ABOVE PHOTO: Monique Michael presents the Aesthetic Realism Teaching Method.
Photo credit: David M. Bernstein
The audience at the North Carolina Museum of History in Raleigh on June 3rd gave a standing ovation to”The People of Clarendon County”—A Play by Ossie Davis, & the Answer to Racism! This event, based on the book by journalist and civil rights scholar Alice Bernstein, has been educating audiences around the country for four years. It is a project of the non-profit Alliance of Ethics &Art in New York City.
Joining Bernstein were black, white, and Native American speakers: Onilaja Waters, Earl Ijames, John E. Scott Richardson, Dr. Arnold Perey, and Monique Michael. They discussed what Aesthetic Realism, the education founded in 1941 by the great American philosopher Eli Siegel, explains is the cause of racism—contempt, “the addition to self through the lessening of something else,” and the answer to racism, criticizing contempt, including in oneself, and learning to see the inner lives of other people as real and as deep as our own.
The one-act 1955 civil rights play, which Bernstein “unearthed” in 2004, chronicles the brave black parents whose challenge to unequal education led to the Supreme Court’s Brown decision, outlawing segregation in public schools. Ossie Davis applauded her vision of presenting the play in relation to Aesthetic Realism, believing the combination would be powerful in fighting racism. And it is!
The performance by the ensemble Voices in Concert: Joan Jai, Lester Hill, Jade Arnold, Connie McCoy Rogers, directed by Rudy Wallace, brought history to life; with moving and joyous musical accompaniment by Grammy nominee Cynthia Jones and the Diversity Choir of the NC Department of Cultural Resources, directed by Lorice Hyman.
Educator Monique Michael (born in Haiti), gave an interactive first grade science lesson on diversity in birds and people, illustrating the success of the Aesthetic Realism Teaching Method in bringing out every child’s true intelligence and kindness.
Ruby Dee, actor, Academy Award nominee, and wife of Ossie Davis, wrote:
“It moved my husband to think that…school children might learn about history by reading or acting in his play. In addition, Alice’s book will also inform people about the success of the Aesthetic Realism Teaching Method in enabling children to learn every subject, and ending racism in the classroom.”
To see history in motion, Alice Bernstein introduced North Carolina unsung heroes of civil rights from across the state: James Mills, the first African American Mayor of Scotland Neck; Joseph Holt, Jr., whose parents led the fight to desegregate Raleigh public schools; Rev. Dr. T. Anthony Spearman, civil rights activist in Hickory and NC NAACP Chair of Religious Affairs; Rev. Susan Smith, Associate Pastor of Exodus Missionary Outreach Church in Hickory and advocate for homeless recovering people returning to the community from treatment centers and prison; Rev. Portia Rochelle, President of Raleigh NAACP; Dr. Helen Chavis Othow of Oxford, biographer and descendant of John Chavis, a free black religious leader who fought in the American Revolution; and Stanley Baird of Durham, renowned jazz musician whose activism in the 1960s helped desegregate Woolworth’s and A&P. Activist Marvin Chambers, Sr., was the first African American professional engineer employed in Asheville. His grandson, second grader James Chambers, age 7, of Williamston, wrote a report about his Grandpa’s work for justice, and came to the NCMH stage with his father, Marvin Jr., representing three generations for civil rights.

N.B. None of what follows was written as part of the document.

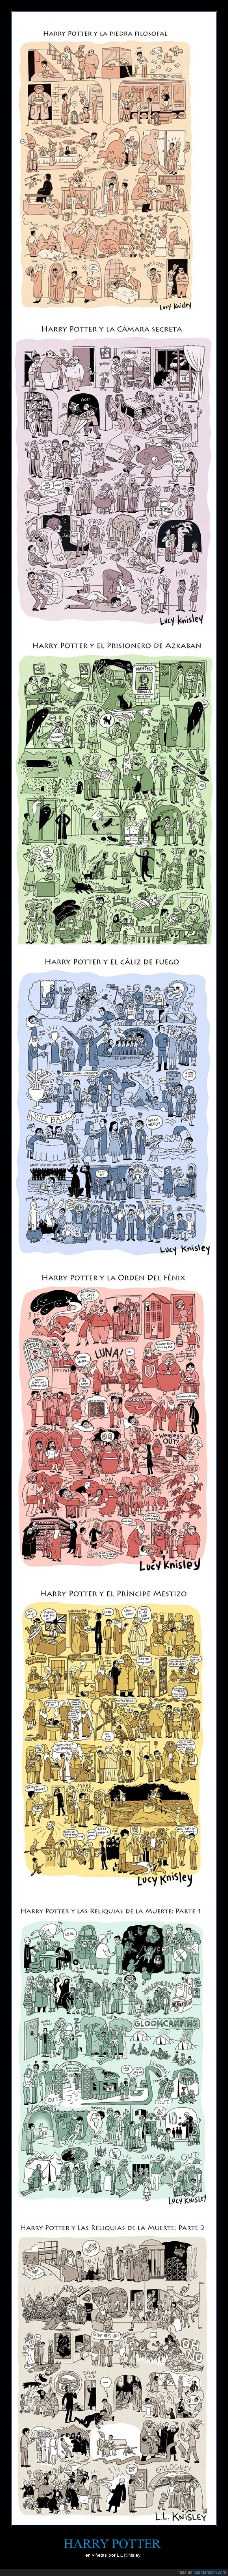 dibujos,harry potter,ll knisley,viñetas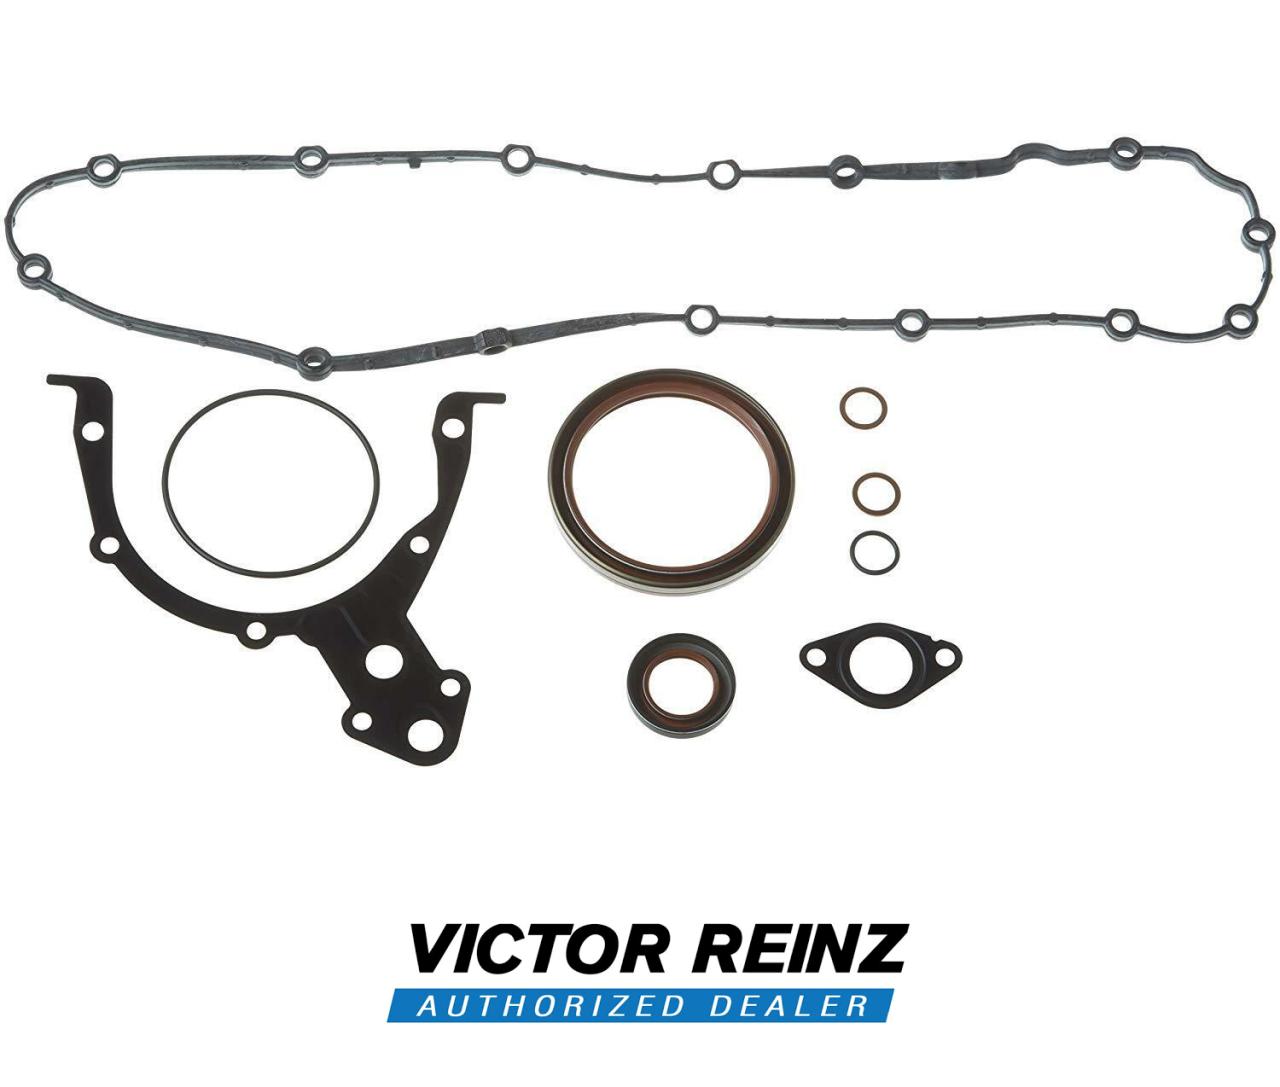 Opel Corsa B 1.4 16 Valf Alt Takım Conta Victor Reinz

The following day, the museum hosted a public seminar on the Aesthetic Realism Teaching Method: “Justice to People through Every Subject We Teach.” With examples from their own classrooms, educators Dr. Arnold Perey, Rosemary Plumstead, Zvia Ratz, and Monique Michael, explained how this method succeeds in having students see the world with greater respect, encouraging intelligence and kindness. Students learn that every subject in the curriculum says something about the world and their own often-turbulent selves. The enthusiastic response to this seminar and the dynamic, informative, and productive Q&A, led to requests for further study in the coming months.
Commenting, unsung hero Joseph Holt said, “The beauty, the power, and the importance of the Aesthetic Realism philosophy reside in its enabling people to recognize what motivates us to see others as less than ourselves—contempt—and to learn that seeing others as more like ourselves than different is actually a greater and better acceptance of ourselves. The lessons conveyed by Aesthetic Realism, if practiced by all, would make for a more enjoyable and peaceful world.”